A story about obsession, backstabbing and fast cars. Steve Mc Queen: The Man & Le Mans has all the ingredients of a melodrama. Instead, we’re presented a classic tragedy. The elements, such as the daunting task and the counterforces preventing it from happening, are all here and they play out neatly.

One key factor, the “hero” is missing, though. McQueen was a man who lived in the constant mission of bridging the gap between himself and his onscreen persona. In this process, people got hurt, especially so during the making of his 1971 picture Le Mans (Lee H. Katzin), documented here. The film, envisioned to be the ultimate racing picture, ended up marred by production conflicts and ignored by mainstream audiences.

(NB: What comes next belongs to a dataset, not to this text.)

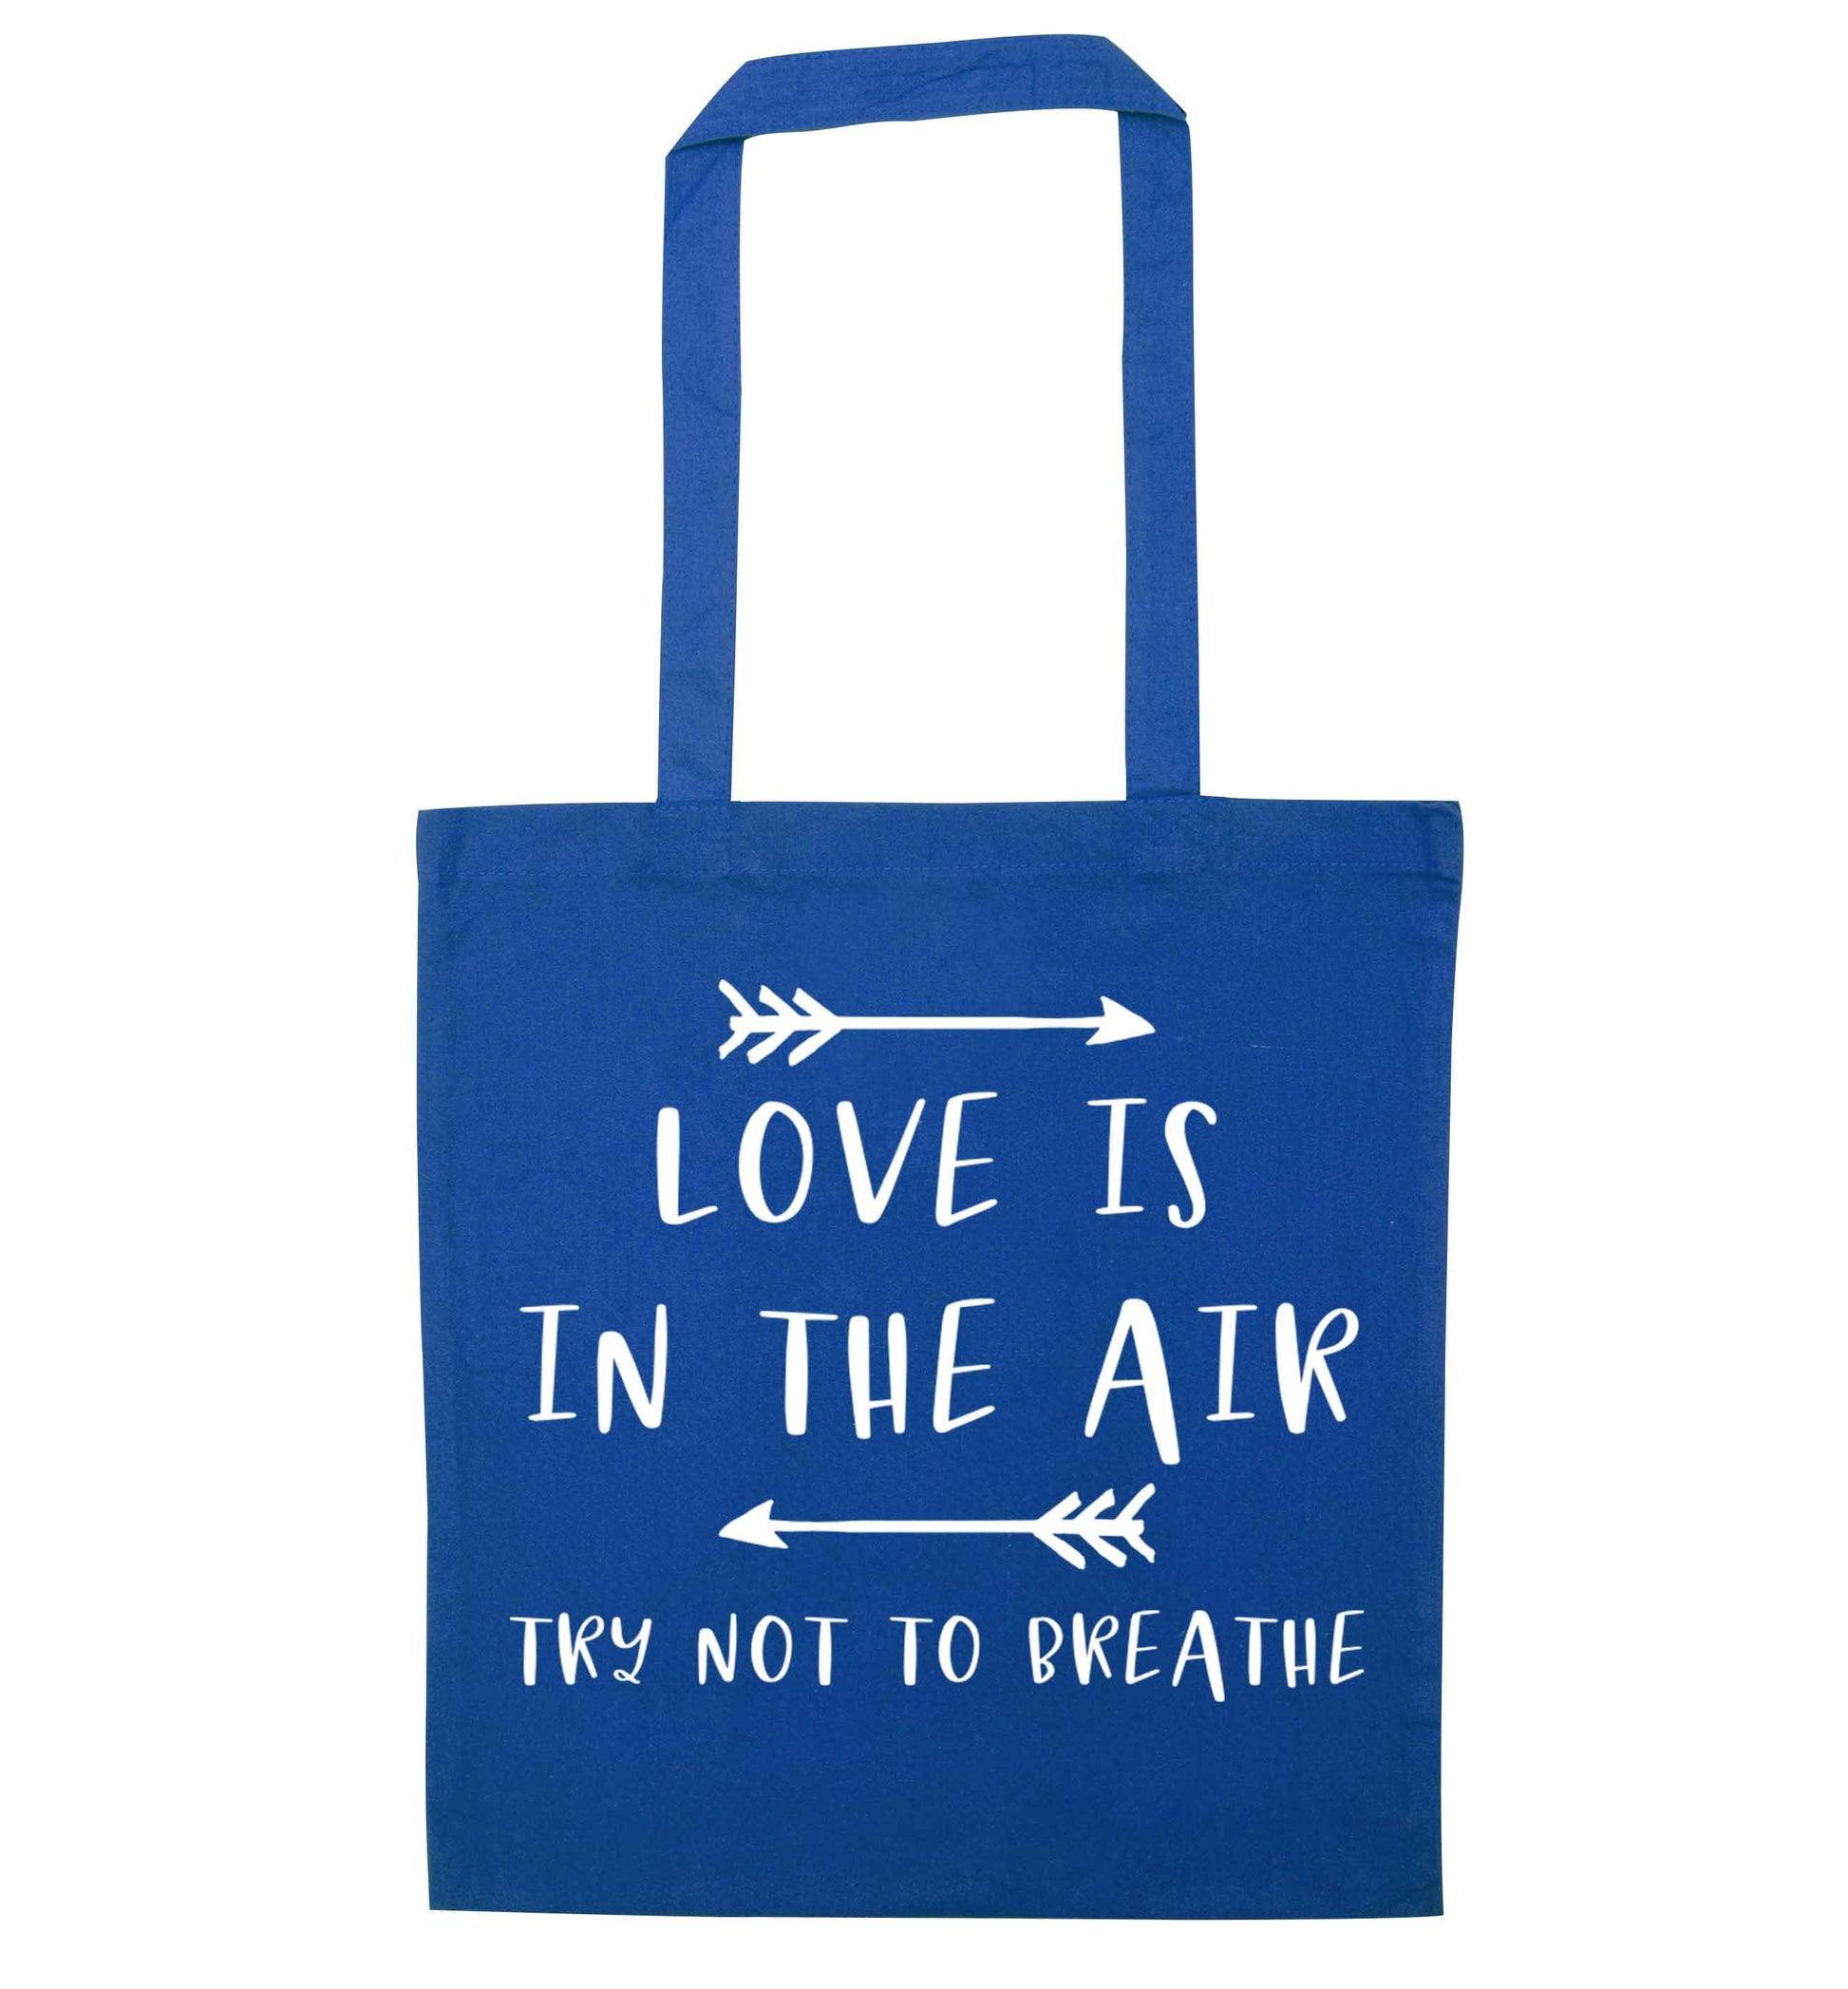 Love is in the air try not to breathe blue tote bag

Hollywood has a penchant for mythmaking and the documentary brings forward quite a Tinseltown story. It shows how McQueen, one of the most bankable film stars of the late 1960s and a gearhead, set himself on a path towards failure. During filming, the actor ruined his marriage and ended the partnership with his most trusted writer, for example.

The most interesting aspect of the film, however, is the myth-busting. For contemporary eyes, it reveals one of the symbols of extreme counterculture masculinity. The “King of Cool” was a persona doused in blasé, womanising and elitist qualities that eventually took over his life. In an interview, he relates his passion for racing to a pleasure of being in position of power. To listen to him say that with that clarity shows how much masculinity has played a part in pop culture.

Not that everything onscreen feels vintage. Compared to today’s superhero blockbusters and endless remakes, the production seemed refreshing. By 1970, the New Hollywood movement was in full swing. It allowed for studios to take risks with original material that would be unthinkable nowadays.

Of course, this came with a price tag, both literally and metaphorically. The sheer confidence of the studio in McQueen’s star power lead them to greenlight a project without a script. That, combined with the actor’s obsession to racing details and inexperience with production, became a recipe for disaster.

Helmers Gabriel Clarke and John McKenna do a good job re-enacting this drama. Instead of relying just on interviews with key people (though there are plenty), they go somewhere else. Many sequences are deliberately sensory, such as the retelling of car crashes. Others, like in-set conflicts, seem to come straight from the radioplay transition, to astonishing results.

By design, Steve McQueen: The Man & Le Mans may resonate louder with fans of the actor and of racing. But every member of the public can understand the significance of a fall from grace. It’s one of mankind’s most enduring narrative threads, after all.